51zero / eel-sdk

Big Data Toolkit for the JVM
Apache License 2.0
145 stars 35 forks source link

A frame consisting of CharType(255) doesn't map to anything in Hive/Parquet sink #204

Closed hannesmiller closed 7 years ago

hannesmiller commented 7 years ago

The method io.eels.component.parquet.ParquetSchemaFns.toParquetType doesn't handle Frames with a CharType and hence the following exception:

scala.MatchError: CharType(255) (of class io.eels.schema.CharType) at io.eels.component.parquet.ParquetSchemaFns$.toParquetType(ParquetSchemaFns.scala:72) at io.eels.component.parquet.ParquetSchemaFns$$anonfun$2.apply(ParquetSchemaFns.scala:110) at io.eels.component.parquet.ParquetSchemaFns$$anonfun$2.apply(ParquetSchemaFns.scala:110) at scala.collection.TraversableLike$$anonfun$map$1.apply(TraversableLike.scala:234) at scala.collection.TraversableLike$$anonfun$map$1.apply(TraversableLike.scala:234) at scala.collection.Iterator$class.foreach(Iterator.scala:893) at scala.collection.AbstractIterator.foreach(Iterator.scala:1336) at scala.collection.IterableLike$class.foreach(IterableLike.scala:72) at scala.collection.AbstractIterable.foreach(Iterable.scala:54) at scala.collection.TraversableLike$class.map(TraversableLike.scala:234) at scala.collection.AbstractTraversable.map(Traversable.scala:104) at io.eels.component.parquet.ParquetSchemaFns$.toParquetSchema(ParquetSchemaFns.scala:110) at io.eels.component.parquet.ParquetWriterFn$.apply(ParquetWriterFn.scala:30) at io.eels.component.parquet.ParquetSink$$anon$1.(ParquetSink.scala:16) at io.eels.component.parquet.ParquetSink.writer(ParquetSink.scala:14) at io.eels.actions.SinkAction$.execute(SinkAction.scala:10)

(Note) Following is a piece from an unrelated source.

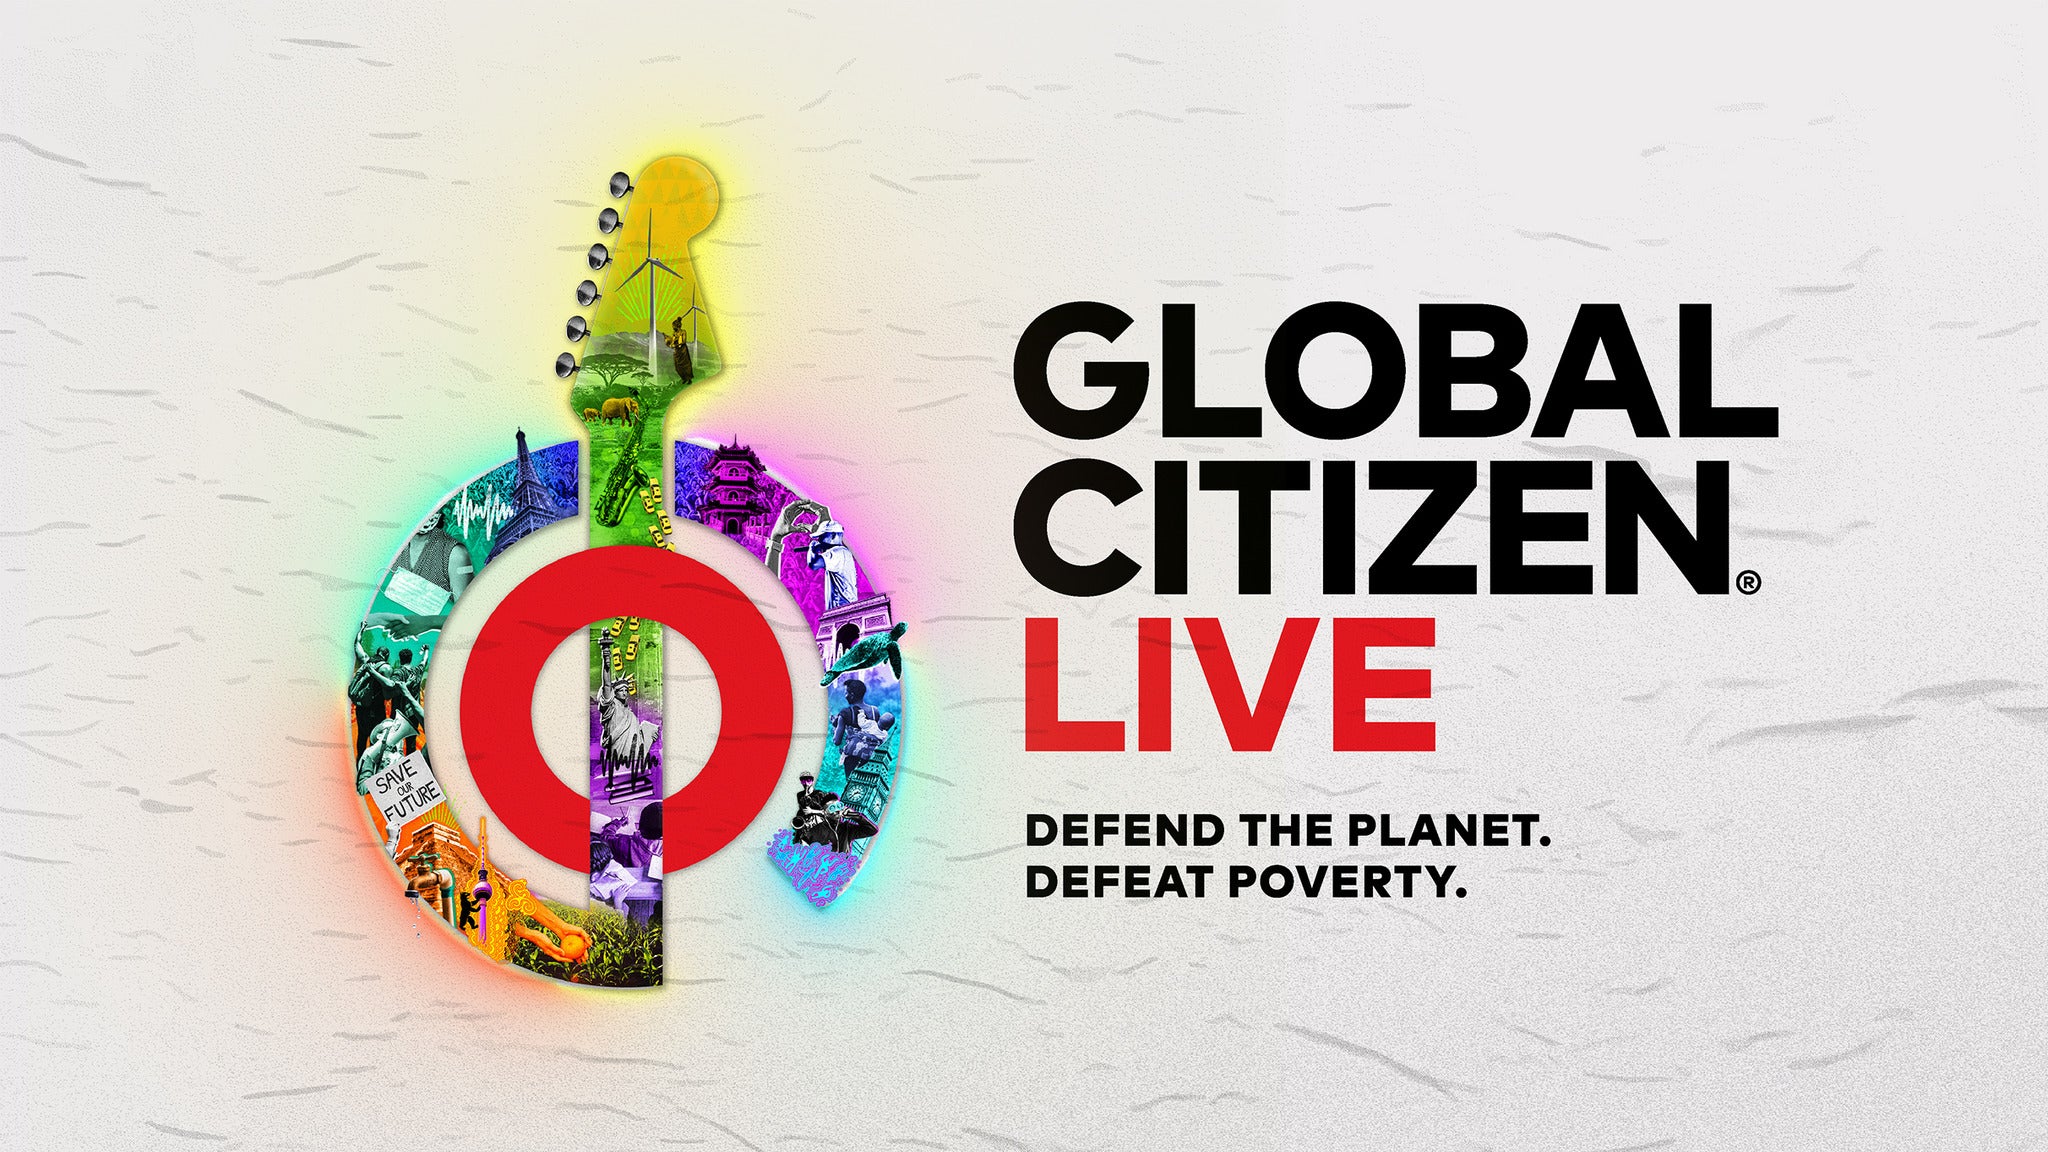 Global Citizen Live presale information on freepresalepasswords.com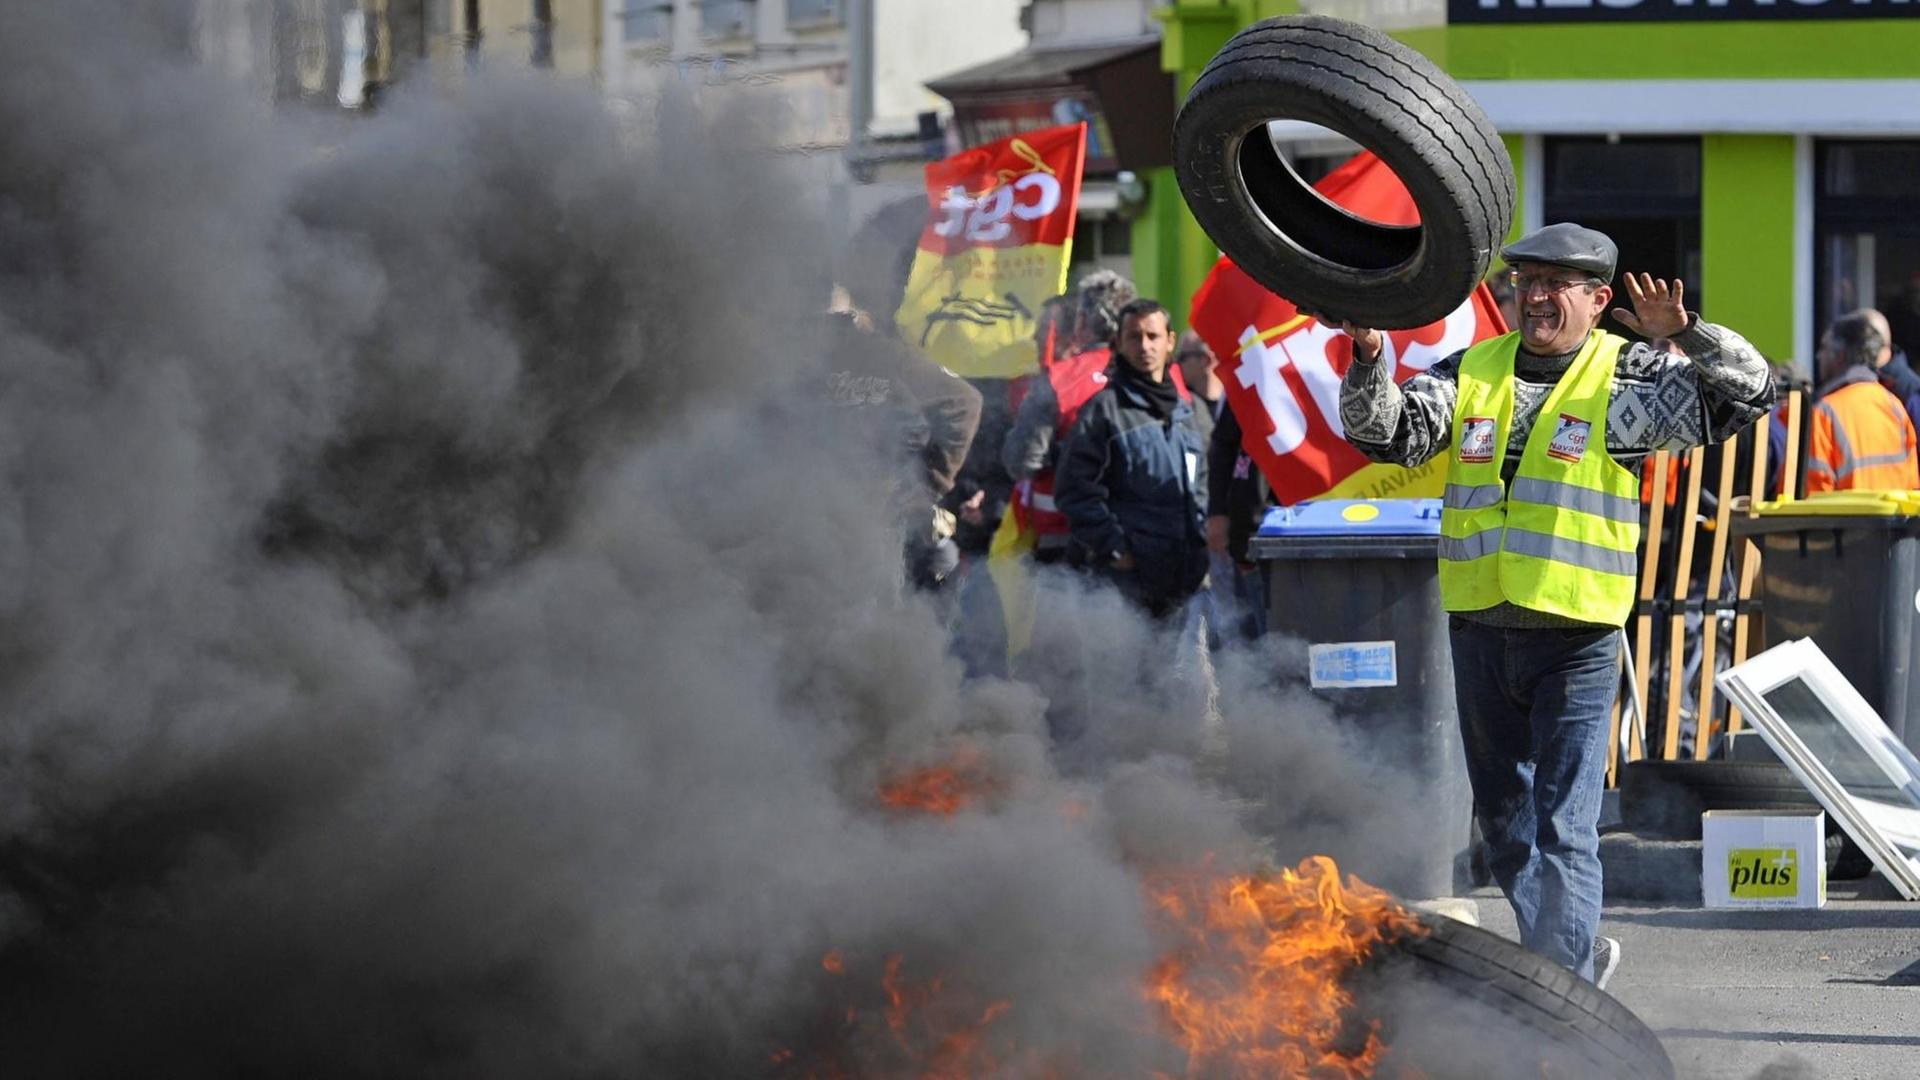 Streikende haben die Zufahrt zu einer Straße mit brennenden Autoreifen blockiert, um gegen die Arbeitsmarkt-Reform der französischen Regierung zu protestieren.

sksamuel commented 7 years ago

I've mapped it to Strings. The reason I've done that rather than FIXED_LEN_BYTE_ARRAY is because if we use FIXED_LEN_BYTE_ARRAY, will hive or impala know to interpret it as a string if we query it? Eel would know, but I'm not sure other libraries would.

hannesmiller commented 7 years ago

Yeah I can live with that 😄